WiMAX will offer an alternative high-speed link between customers and its networks.
Telkom “may introduce WiMAX” technology next year. This is according to CEO Papi Molotsane, Bloomberg reported today.
Molotsane was speaking at Satnac, a Telkom-hosted technology conference, at Spier outside Stellenbosch. This is the latest in a series of relatively opaque announcements made by Telkom about the actual deployment of WiMAX.
The fixed-line operator has been testing WiMAX since 2004. The technology (defined as Worldwide Interoperability for Microwave Access) essentially provides wireless broadband and allows telecommunications companies to offer so-called “last mile” connectivity to customers without laying copper (or fibre) cables.
Essentially, WiMAX connects your home or business to a telephone exchange.
South Africa’s second national operator, Neotel, said last week it will use WiMAX technology to connect customers to its network in most areas (where it does not have cable infrastructure).
WiMAX will form part of Telkom’s next generation network (NGN) to be completed by 2010.

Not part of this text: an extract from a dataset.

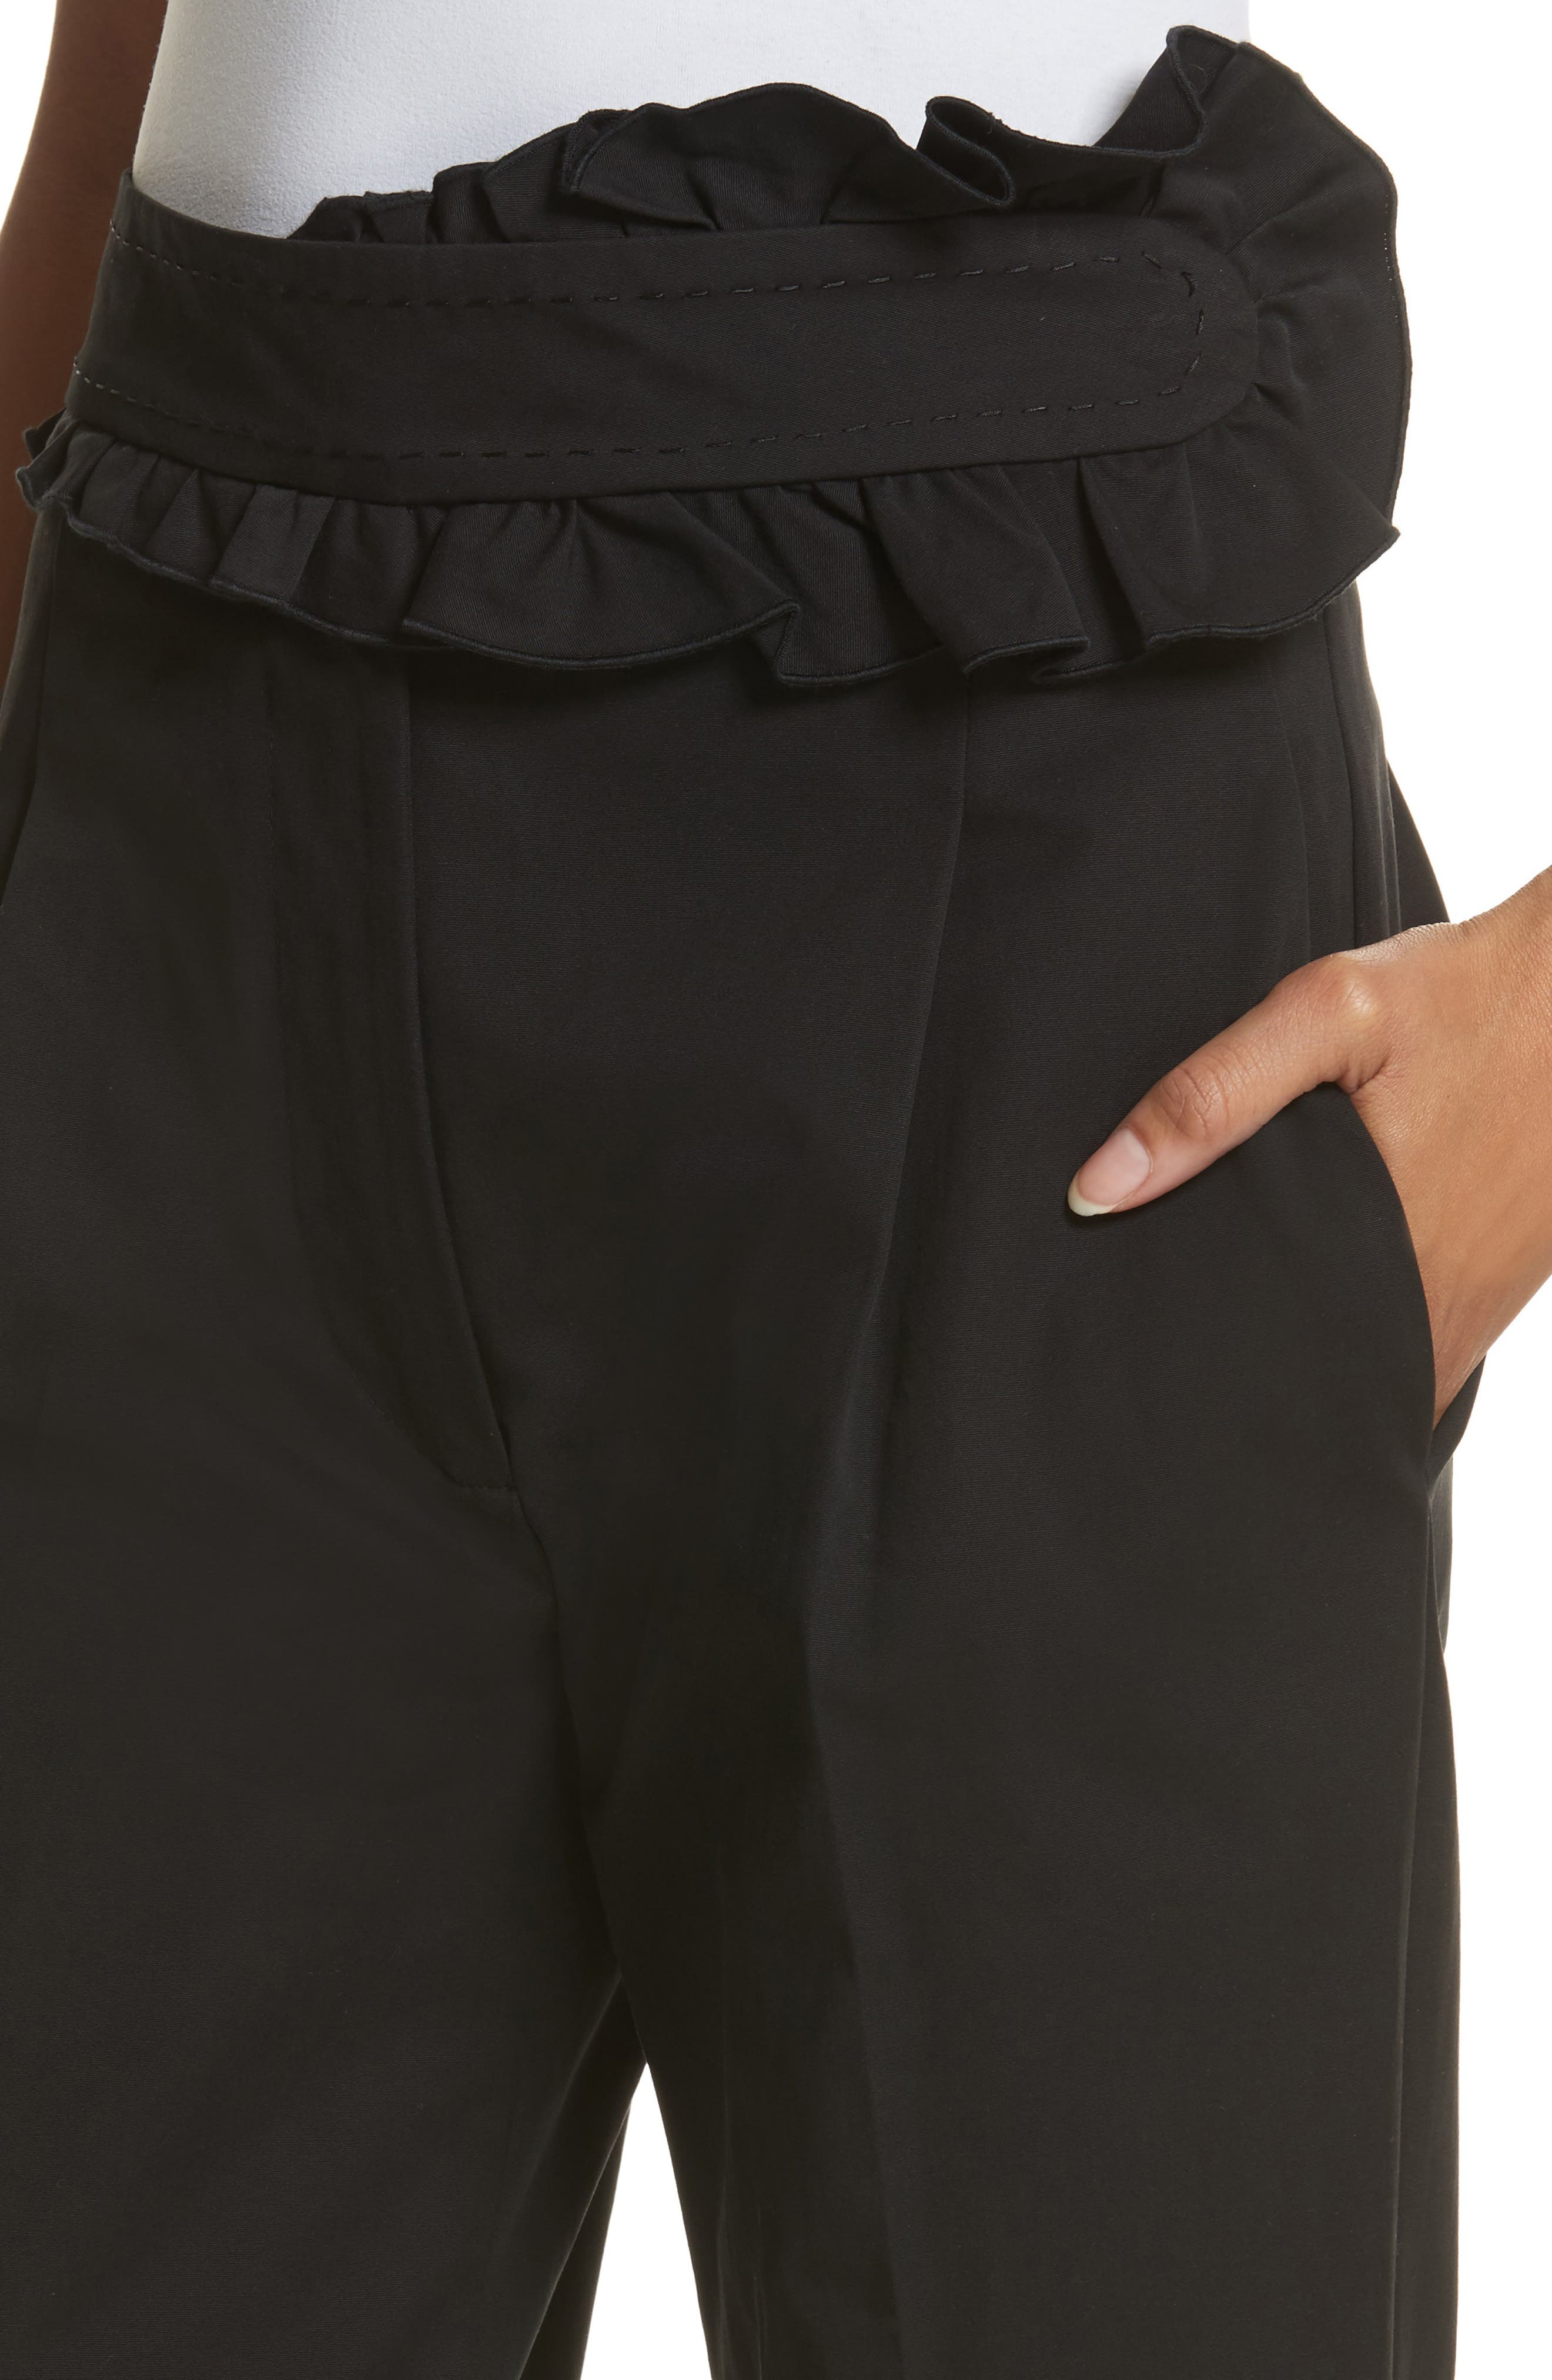 Ruffle Waist Crop Pants,                             Alternate thumbnail 4, color,                             001
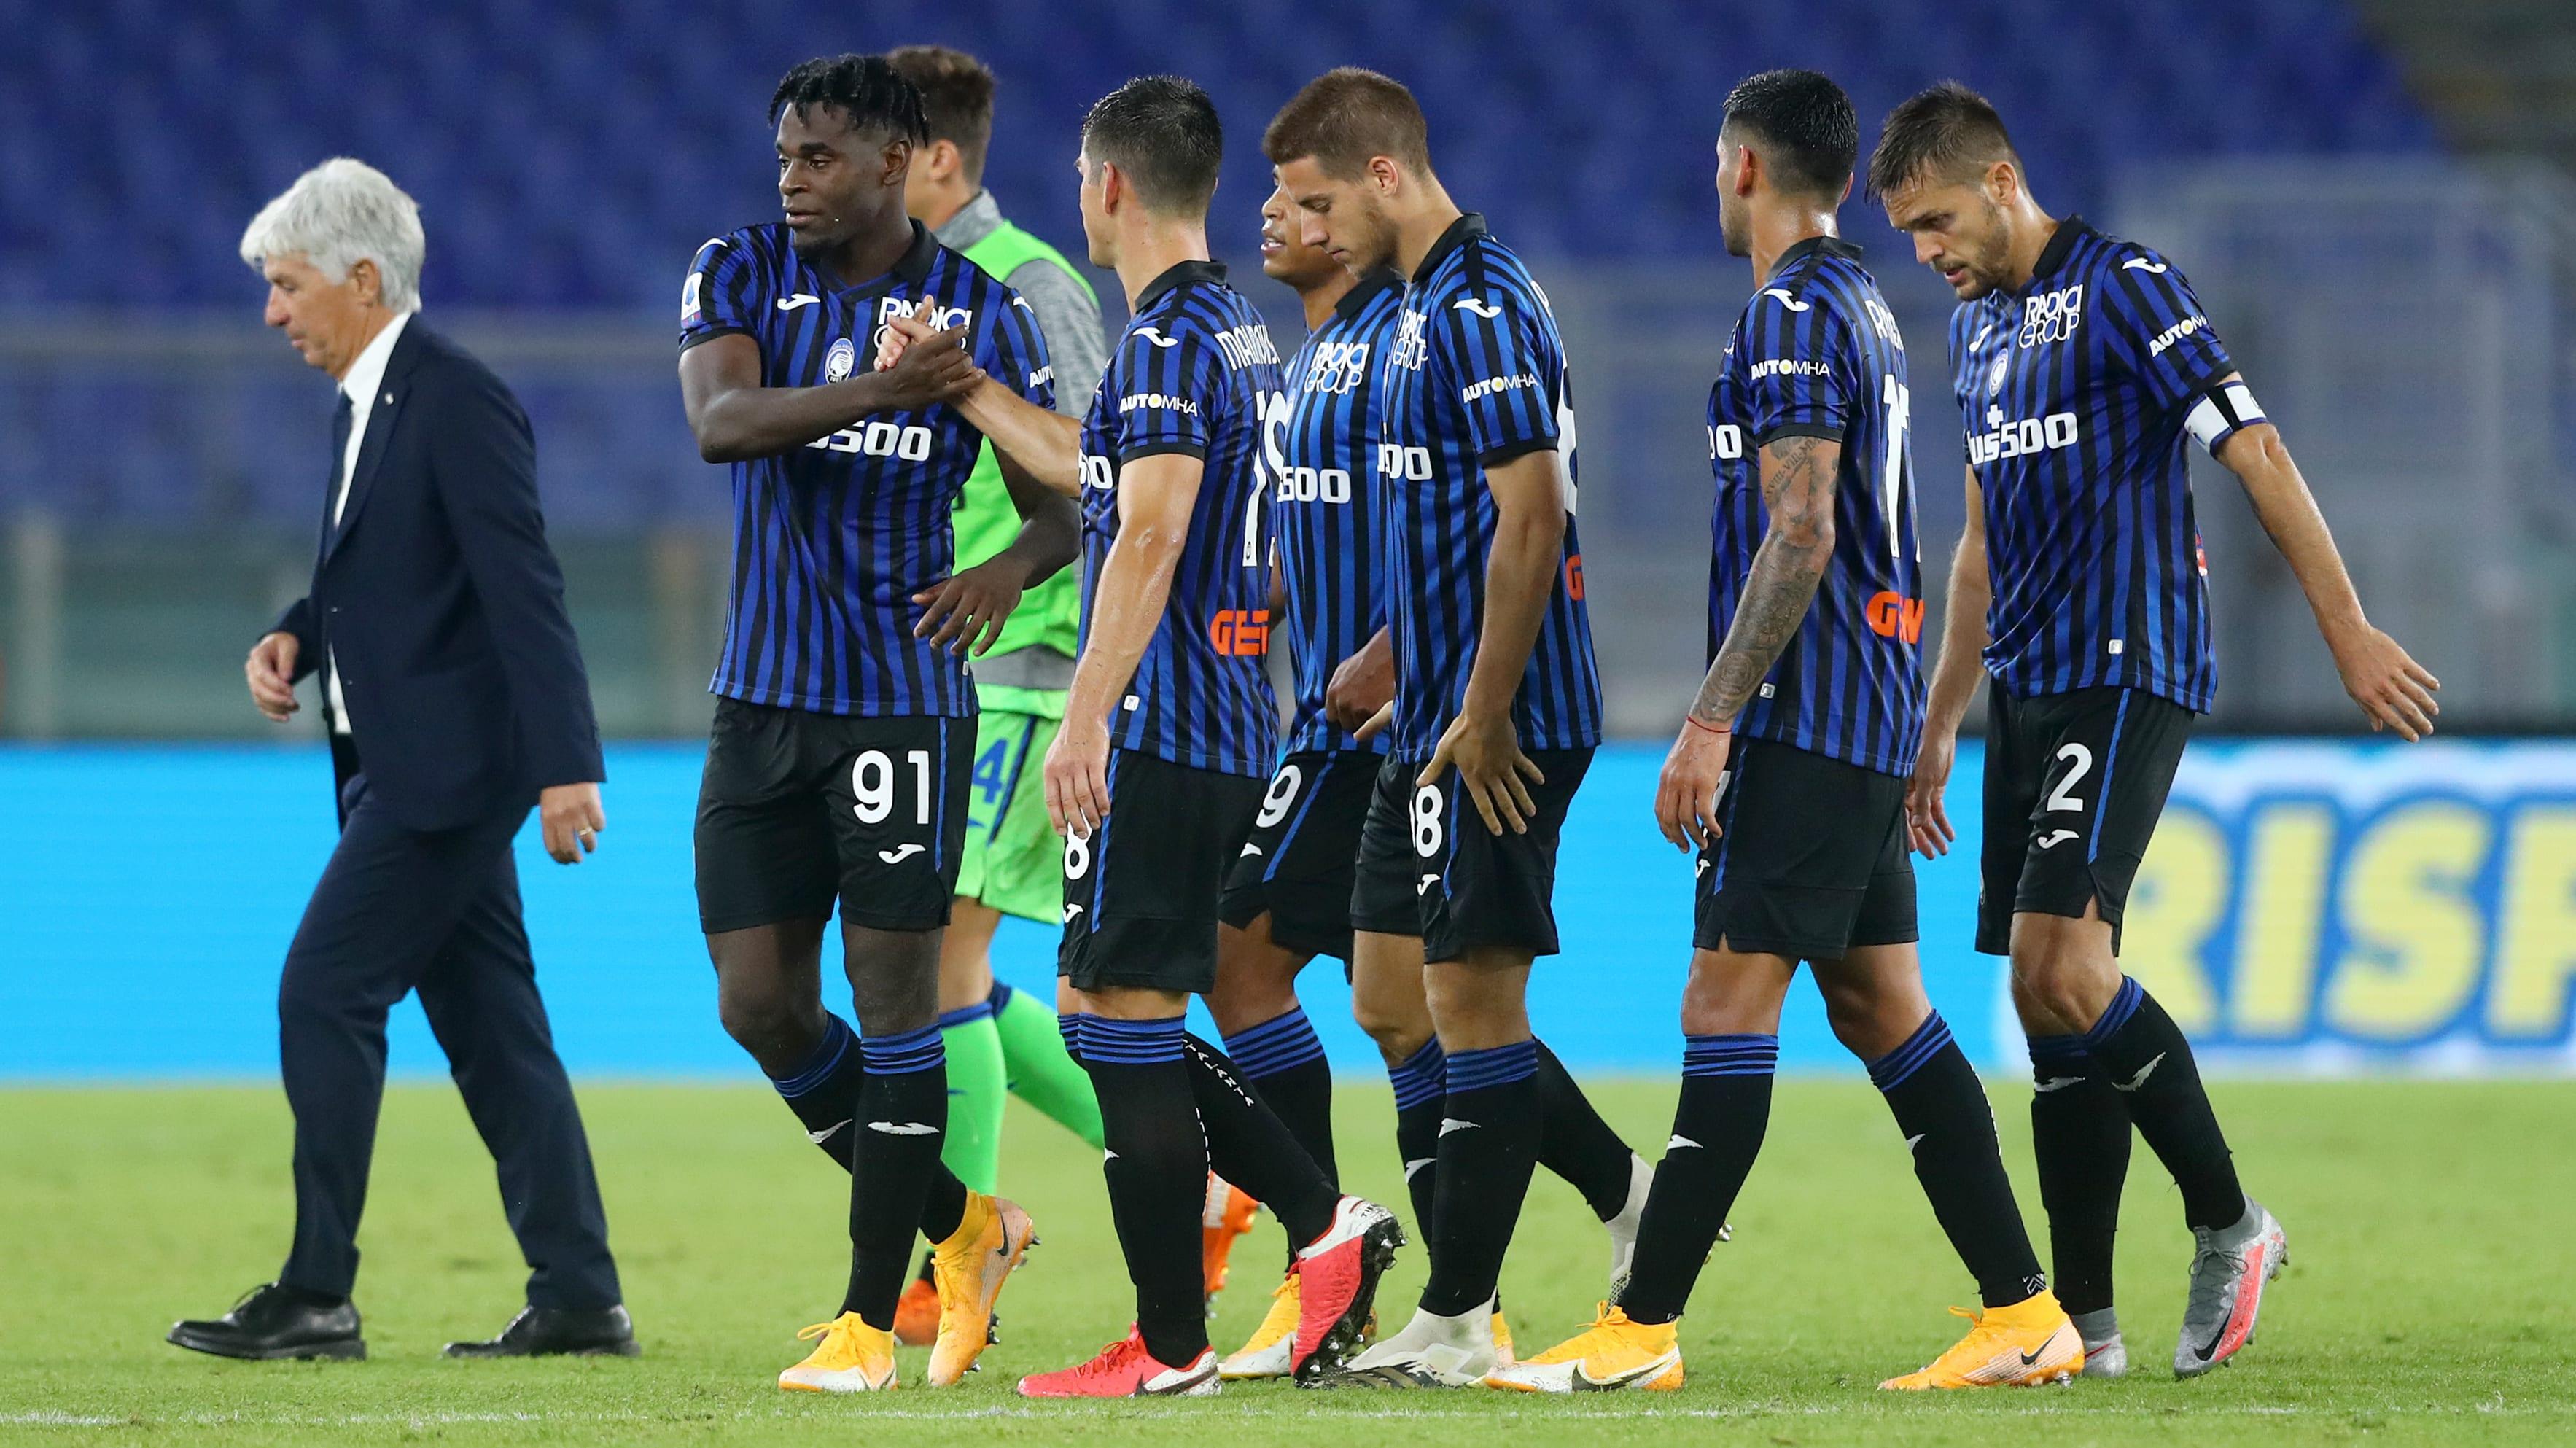 https://images2.minutemediacdn.com/image/upload/shape/cover/sport/SS-Lazio-v-Atalanta-BC---Serie-A-c4ebe1bc9cc7170489a11bd0017002d9.jpg

On announcing Telkom’s R30bn capital expenditure programme (which includes the NGN) in April, chief sales and marketing officer, Wally Beelders, said that one of its key strategies is to take advantage of fixed-mobile opportunities (including WiMAX).
Telkom also reiterated in its most recent results presentation that WiMAX is a key project related to its NGN, and that it will begin deploying a network to complement its ADSL rollout.
In presentations to analysts this year, Telkom has highlighted WiMAX as a technology that will be commonplace in “less than two years”.
At the end of last year, Rudolph Muller predicted that WiMAX would “become commercially available in SA during 2006”. He cautioned, however, that consumers would have to wait for 2007 for extensive availability of the technology.
Telkom has an agreement with Intel to trial WiMAX in SA.
All three of Gauteng’s Metros have partnered with the private sector to roll out WiMAX.